Innervation de l’œsophage

La connaissance de l’innervation de l’œsophage permet d’expliquer certains troubles moteurs œsophagiens qui peuvent apparaître chez le chien et le chat, mais dont l’étiopathogénie est différente. Le fonctionnement de l’œsophage du chien dépend essentiellement de son innervation extrinsèque. Une atteinte du nerf vague en région cervicale entraîne une perte de motricité dans la partie distale de l’œsophage. Chez le chat, une atteinte dégénérative du système nerveux autonome est responsable de mégaœsophage. Les désordres moteurs constatés lors d’inflammation de l’œsophage confirment également l’importance de l’information sensitive chez ces deux espèces.

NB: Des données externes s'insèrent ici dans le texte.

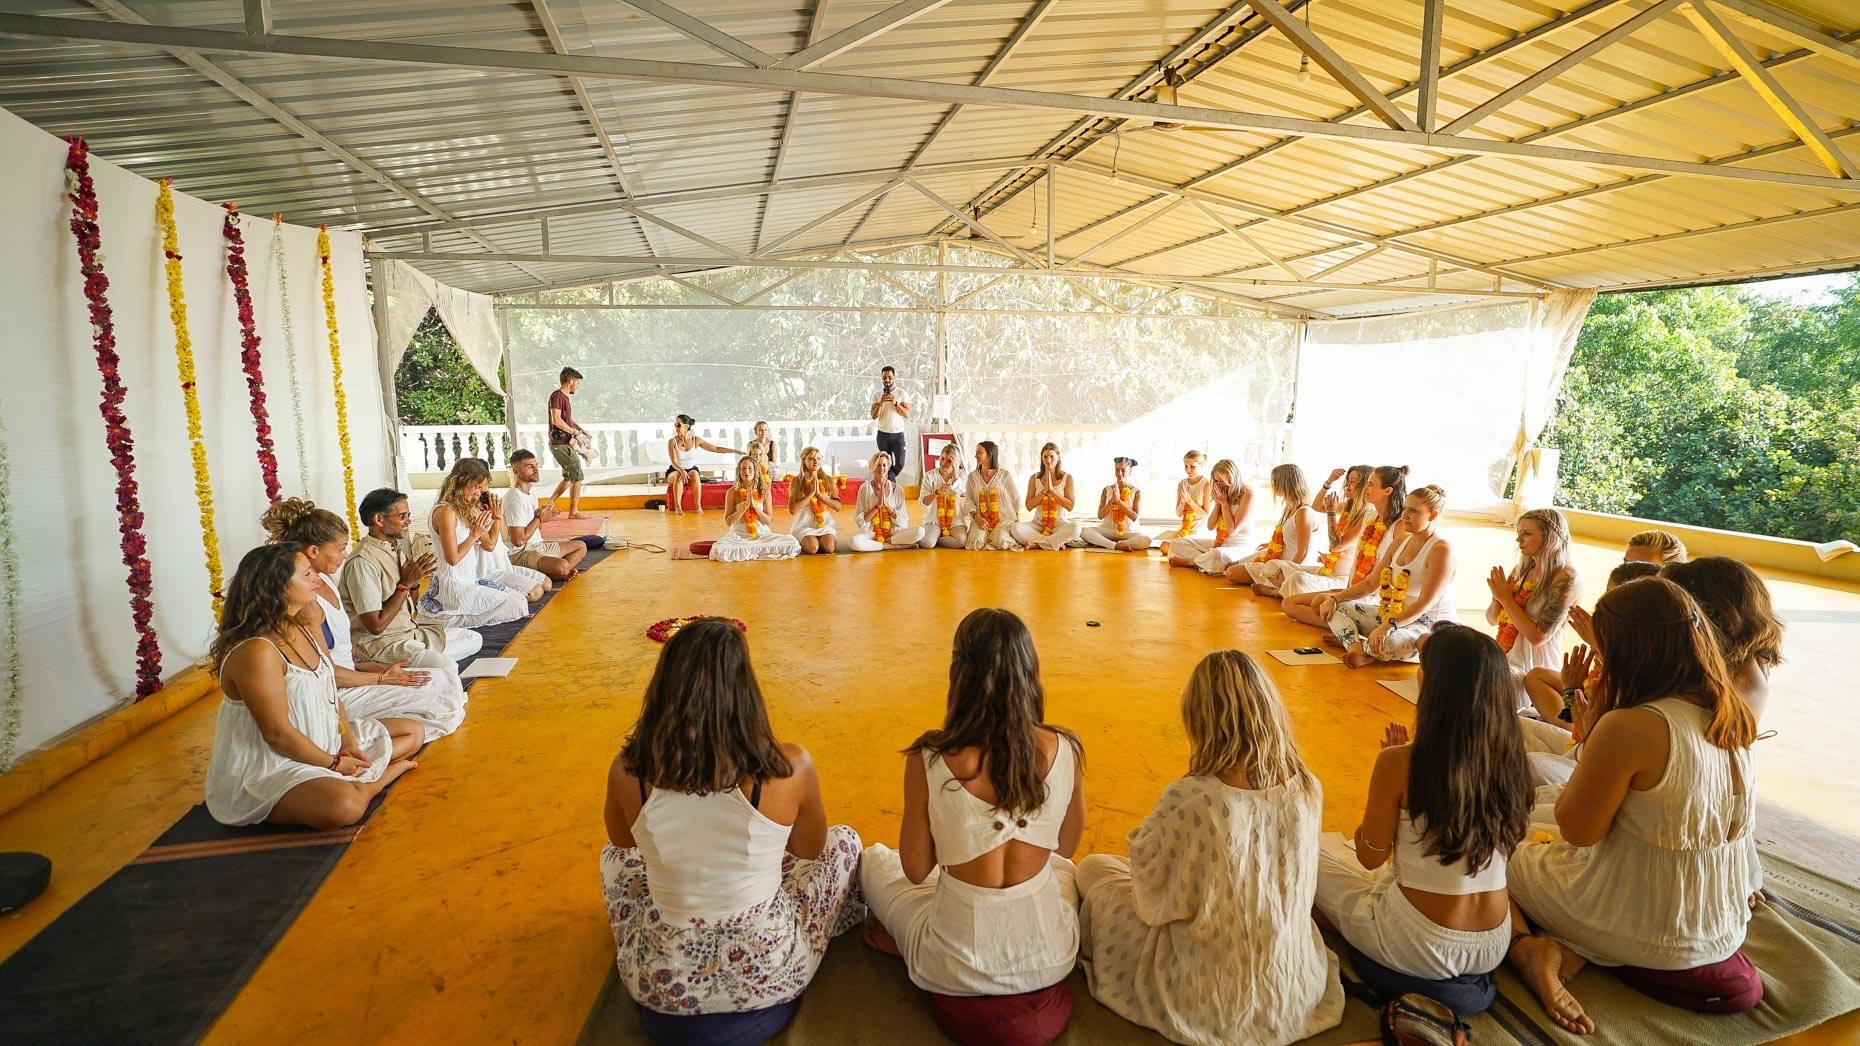 Sampoorna Yoga School in Goa India
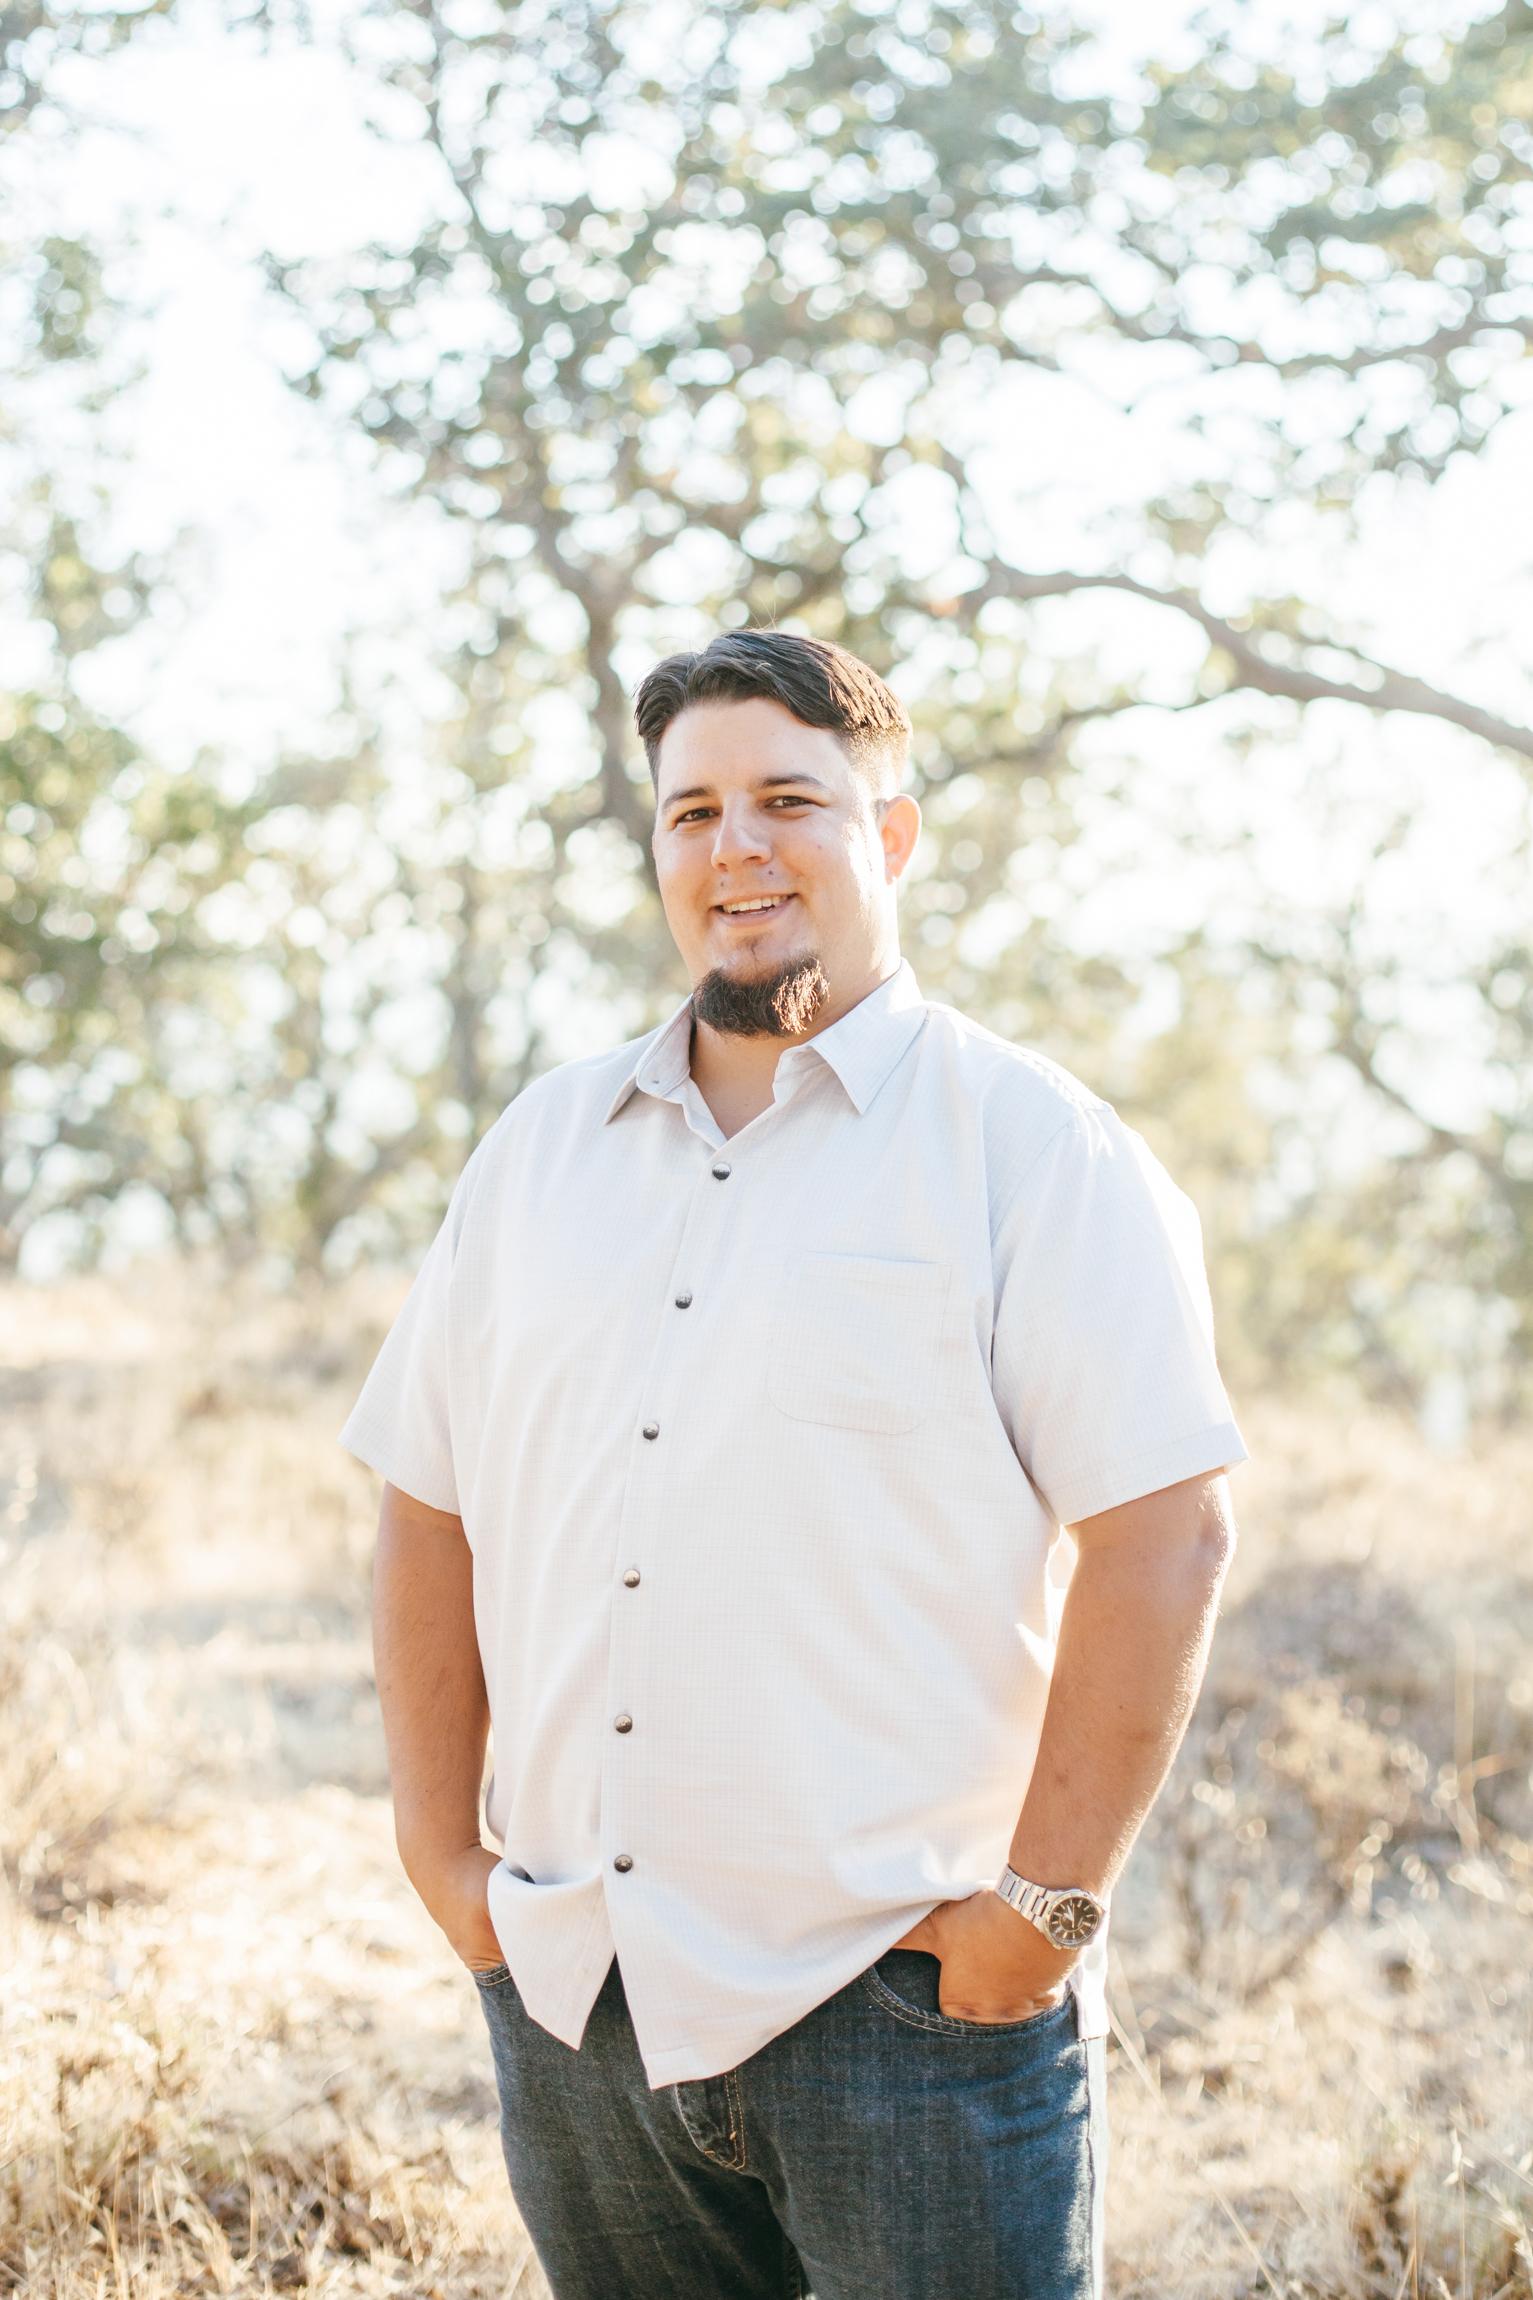 chris-diana-engagement-session-in-walnut-creek-california-08

• L’innervation des fibres musculaires striées de l’œsophage est assurée par le système somatique (nerf vague) composé de fibres afférentes ou sensitives et de fibres efférentes ou motrices. Le motoneurone central est représenté par le centre de la déglutition, situé dans la partie médiale de la formation réticulée. Les fibres afférentes proviennent du faisceau solitaire (tronc commun à de nombreux récepteurs périphériques) et aboutissent au noyau solitaire qui intervient pour la déglutition, la respiration et la fréquence cardiaque. Des connexions existent entre le centre de la déglutition et le centre de la respiration : la respiration peut en effet être inhibée lors de la déglutition (voir la FIGURE “Arc réflexe lors de la phase de déglutition œsophagienne chez le chien”).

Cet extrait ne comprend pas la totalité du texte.